## Task to carry out
Pictures are to be omitted. Output only the lines from the one containing "Hill's Science Diet" through the end of the data, word for word.

## Dataset excerpt
╔══

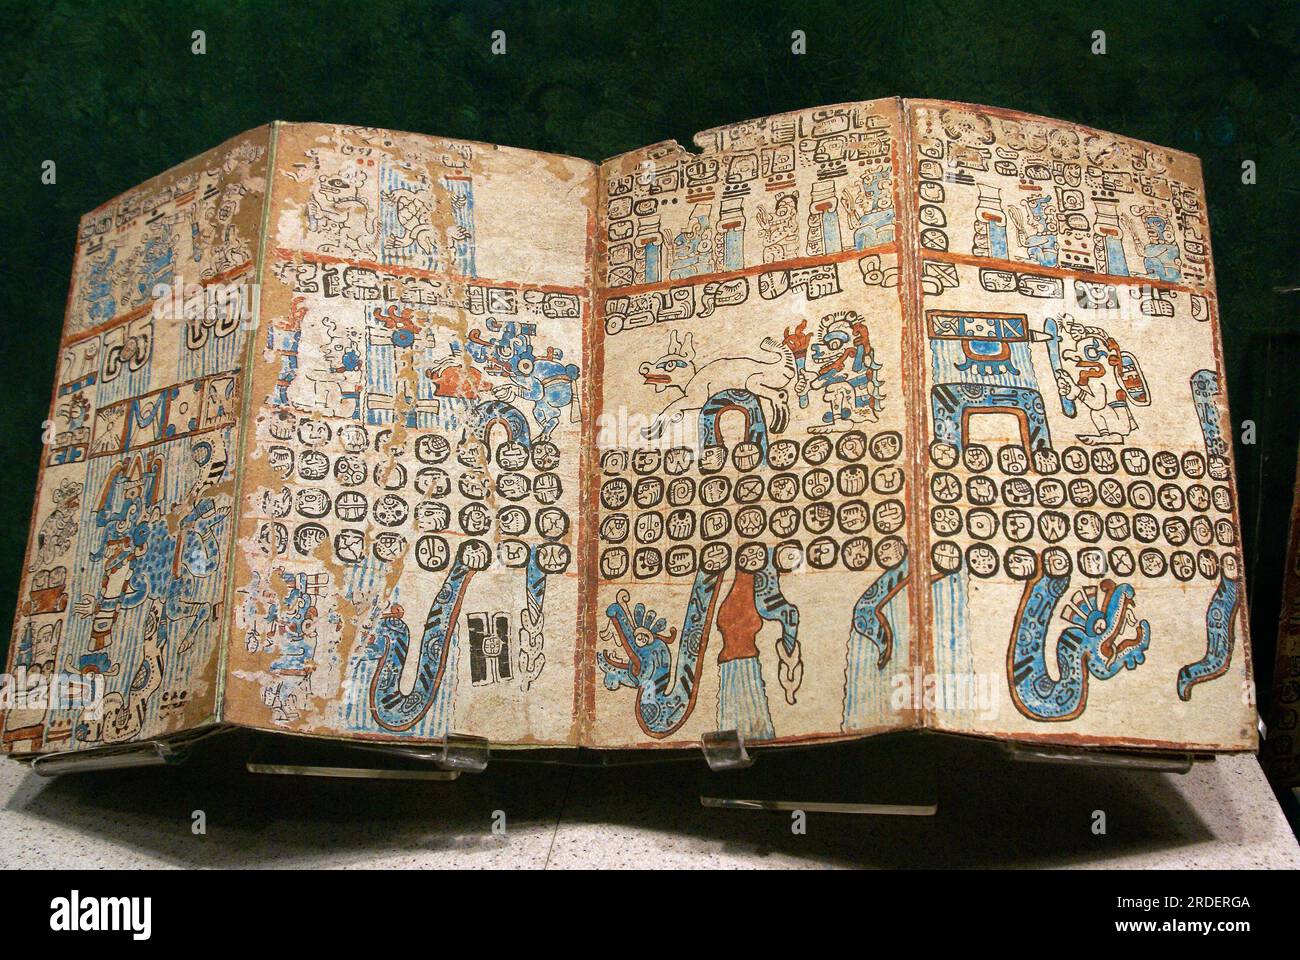 Grolier Codex. Feathered Serpent, Mayan Culture. State of Mexico D.F. Mexico. Stock Photo
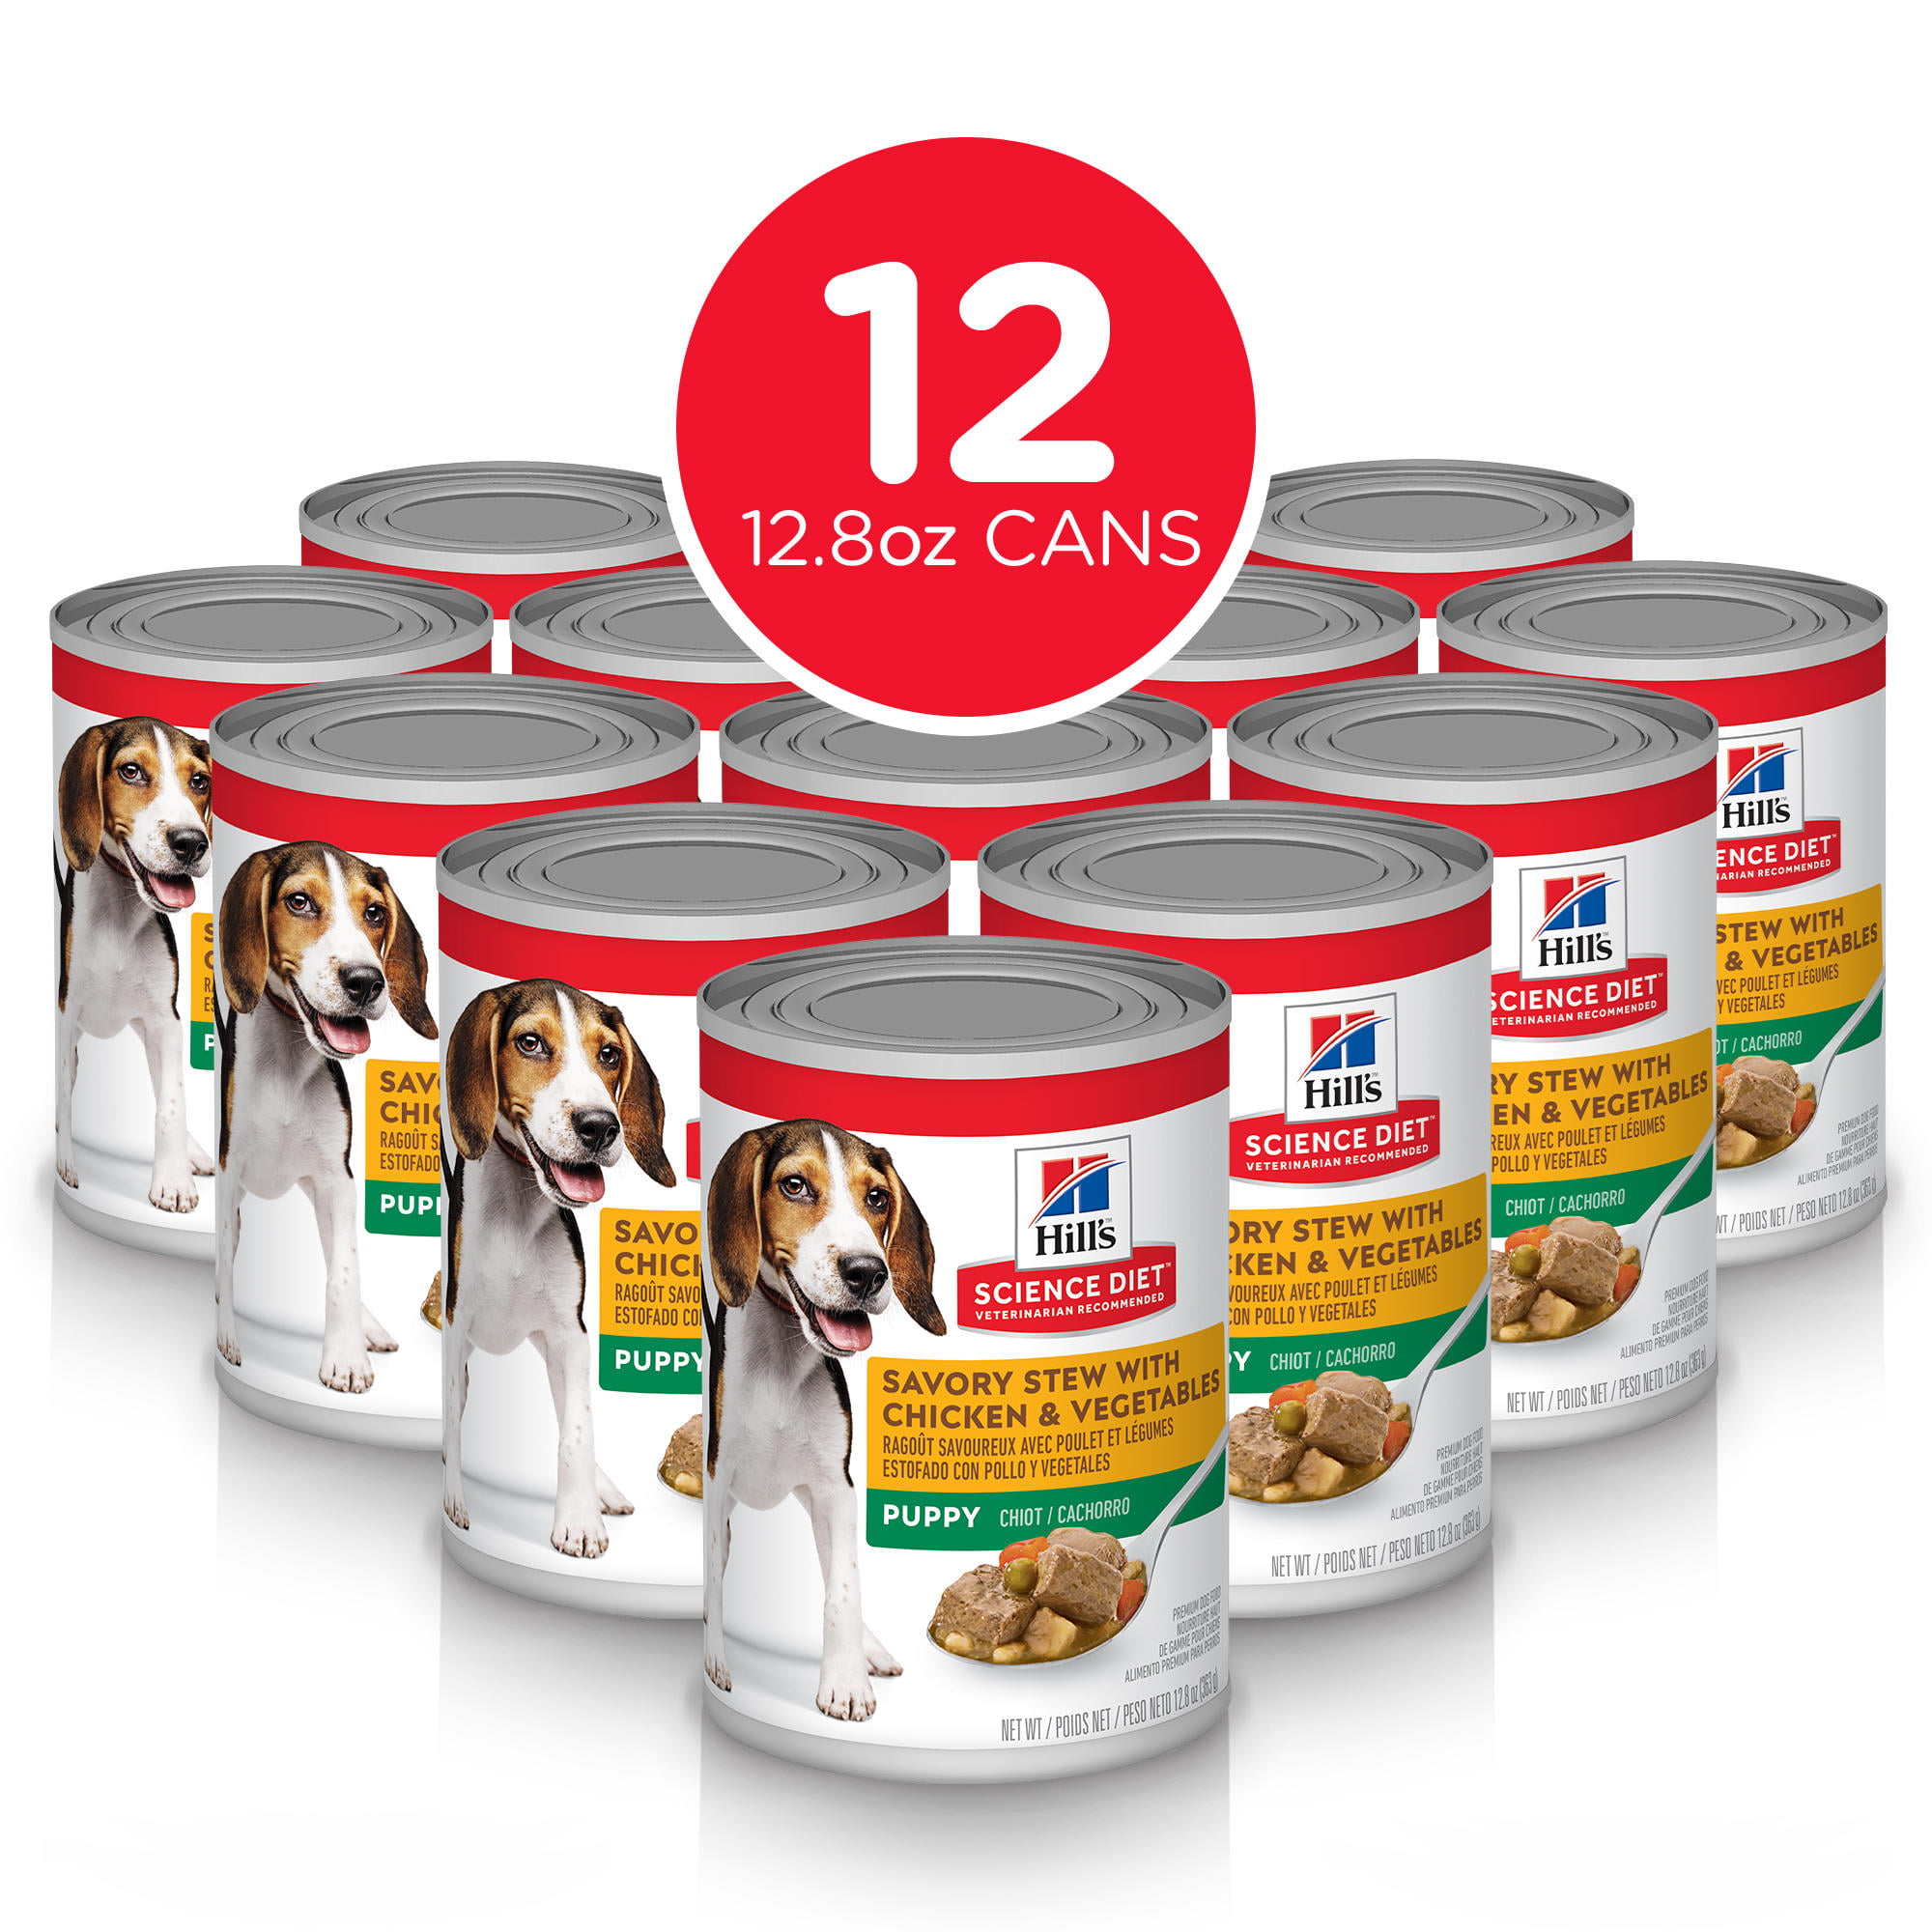 Hill's Science Diet Puppy Canned Dog Food, Savory Stew
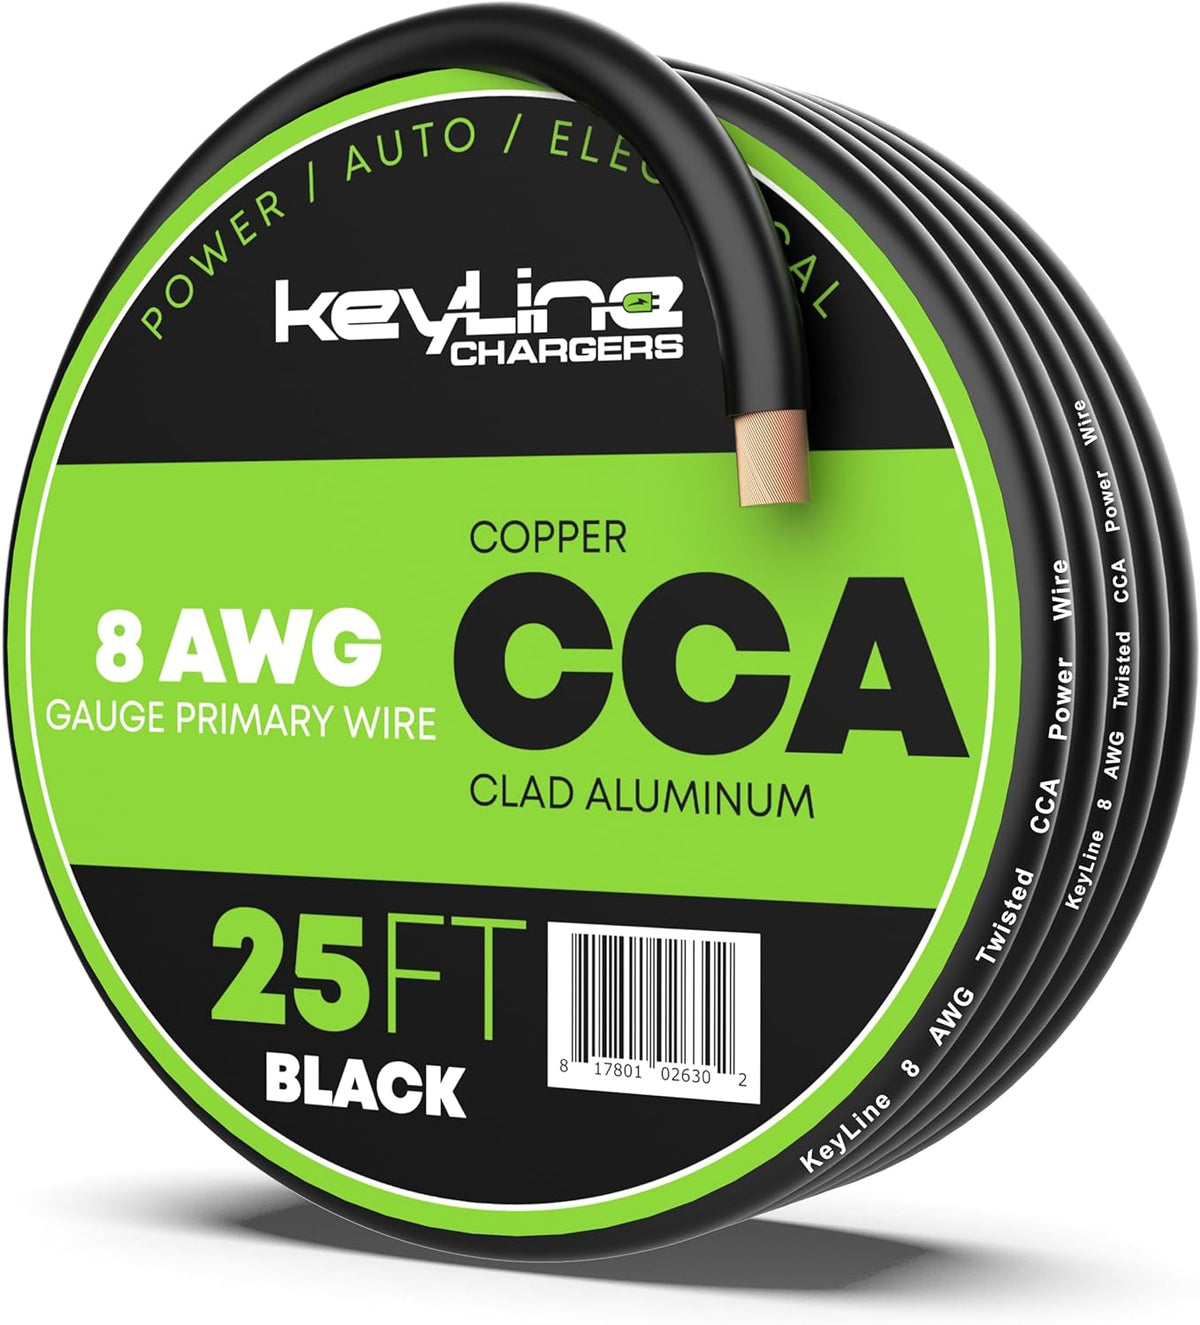 8 Gauge Wire - 25ft Black | 8 Gauge Amp Wire, Battery Cable, Marine Speaker Wire, Solar Cables for RV Trailer, Car Audio Speaker Cable, 8 AWG Automotive Wire Copper Clad Aluminum (CCA)

╚══

## Answer box
 Hill's Science Diet Puppy Canned Dog Food, Savory Stew
 8 Gauge Wire - 25ft Black | 8 Gauge Amp Wire, Battery Cable, Marine Speaker Wire, Solar Cables for RV Trailer, Car Audio Speaker Cable, 8 AWG Automotive Wire Copper Clad Aluminum (CCA)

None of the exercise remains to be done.